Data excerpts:

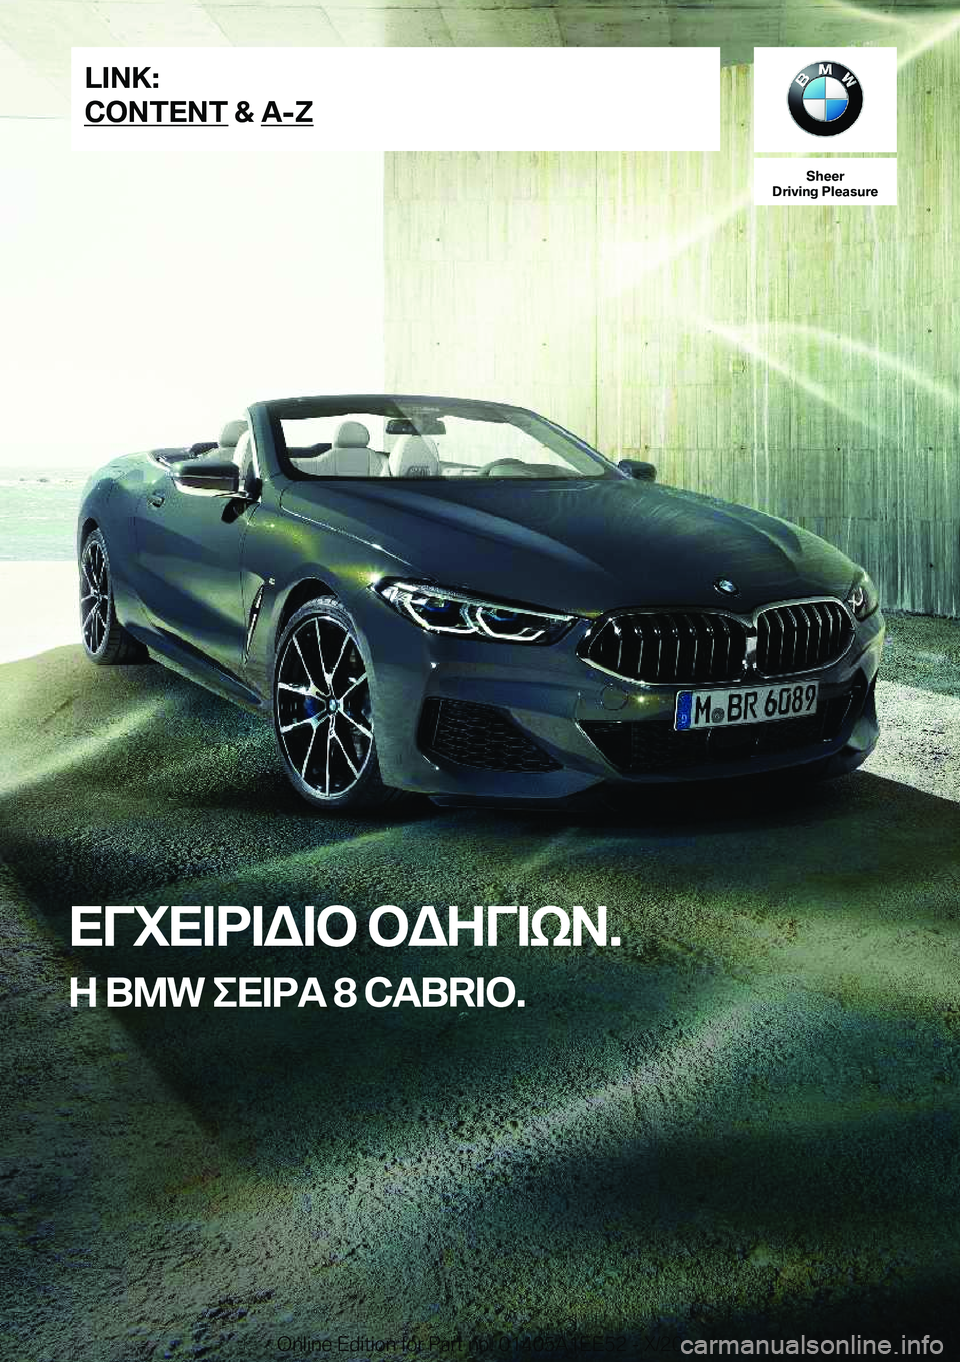 BMW 8 SERIES CONVERTIBLE 2021  ΟΔΗΓΌΣ ΧΡΉΣΗΣ (in Greek) �S�h�e�e�r
�D�r�i�v�i�n�g��P�l�e�a�s�u�r�e
XViX=d=W=b�bWZV=kA�.
�H��B�M�W�eX=dT��8��C�A�B�R�I�O�.�L�I�N�K�:
�C�O�N�T�E�N�T��&��A�-�Z�O�n�l�i�n�e��E�d�i�t�i�o�n��f�o�r�

> _Problem to solve_
Copy out the lines above unchanged. Skip the images.

> _Written response_
 BMW 8 SERIES CONVERTIBLE 2021  ΟΔΗΓΌΣ ΧΡΉΣΗΣ (in Greek) �S�h�e�e�r
�D�r�i�v�i�n�g��P�l�e�a�s�u�r�e
XViX=d=W=b�bWZV=kA�.
�H��B�M�W�eX=dT��8��C�A�B�R�I�O�.�L�I�N�K�:
�C�O�N�T�E�N�T��&��A�-�Z�O�n�l�i�n�e��E�d�i�t�i�o�n��f�o�r�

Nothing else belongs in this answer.